4. Language feedback vs. score feedback
In order to deeply explore the huge potential of language feedback in large model alignment, researchers compared CUT based on language feedback with the method based on score feedback (DPO). In order to ensure a fair comparison, the researchers selected 4,000 sets of the same instruction-response pairs as experimental samples, allowing CUT and DPO to learn from the score feedback and language feedback corresponding to these data respectively.
As shown in the table above, CUT performed significantly better than DPO in the cold start (LLaMA2) experiment. In the hot start (LLaMA2-chat) experiment, CUT can achieve results comparable to DPO on tasks such as ARC, HellaSwag, MMLU, and TruthfulQA, and is significantly ahead of DPO on the AlpacaEval task. This experiment confirmed the greater potential and advantages of linguistic feedback compared to fractional feedback during large model alignment.
In this work, the researchers systematically explored the current status and innovation of language feedback in large model alignment We proposed an alignment framework CUT based on language feedback, revealing the great potential and advantages of language feedback in the field of large-scale model alignment. In addition, there are some new directions and challenges in the research of language feedback, such as:
1. The quality of the comment model: Although research The researchers have successfully demonstrated the feasibility of training a review model, but when observing the model output, they still find that the review model often gives less than accurate reviews.
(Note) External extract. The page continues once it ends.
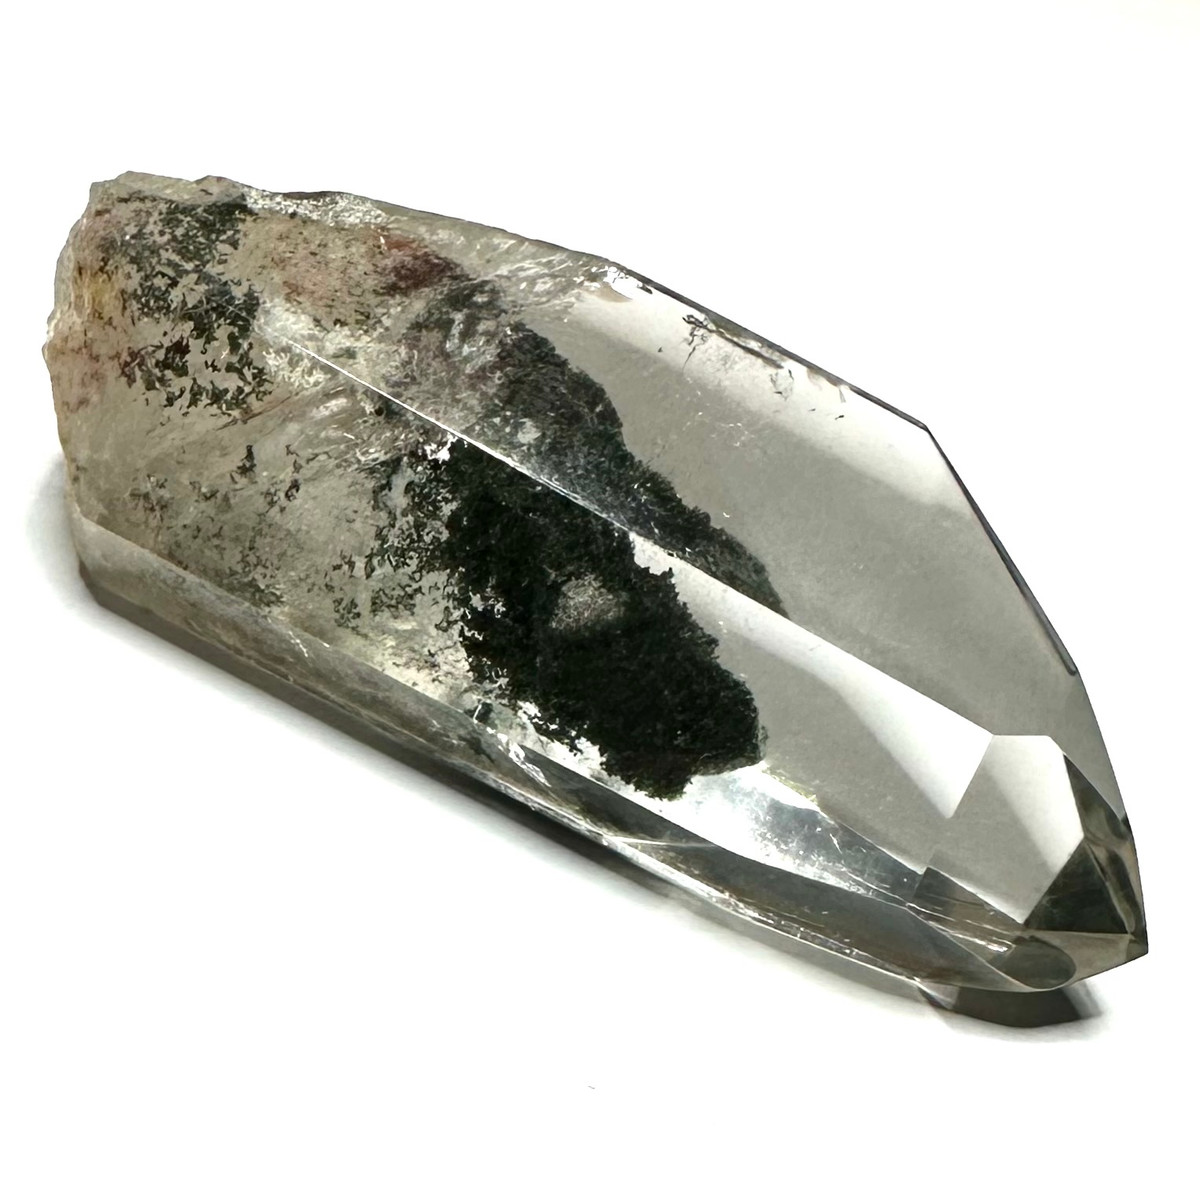 One of a Kind Partially Polished Garden Quartz Terminated Point-2 1/2 x 1"

Therefore, improving the quality of the review model is of great significance for large-scale use of language feedback for alignment in the future.
2. Introduction of new knowledge: When language feedback involves knowledge that the large model lacks, even if the large model can accurately Errors were identified, but there was no clear direction for correction. Therefore, it is very important to supplement the knowledge that the large model lacks while aligning.
3. Multi-modal alignment: The success of language models has promoted the research of multi-modal large models, such as language, speech, A combination of images and videos. In these multi-modal scenarios, studying language feedback and feedback of corresponding modalities has ushered in new definitions and challenges.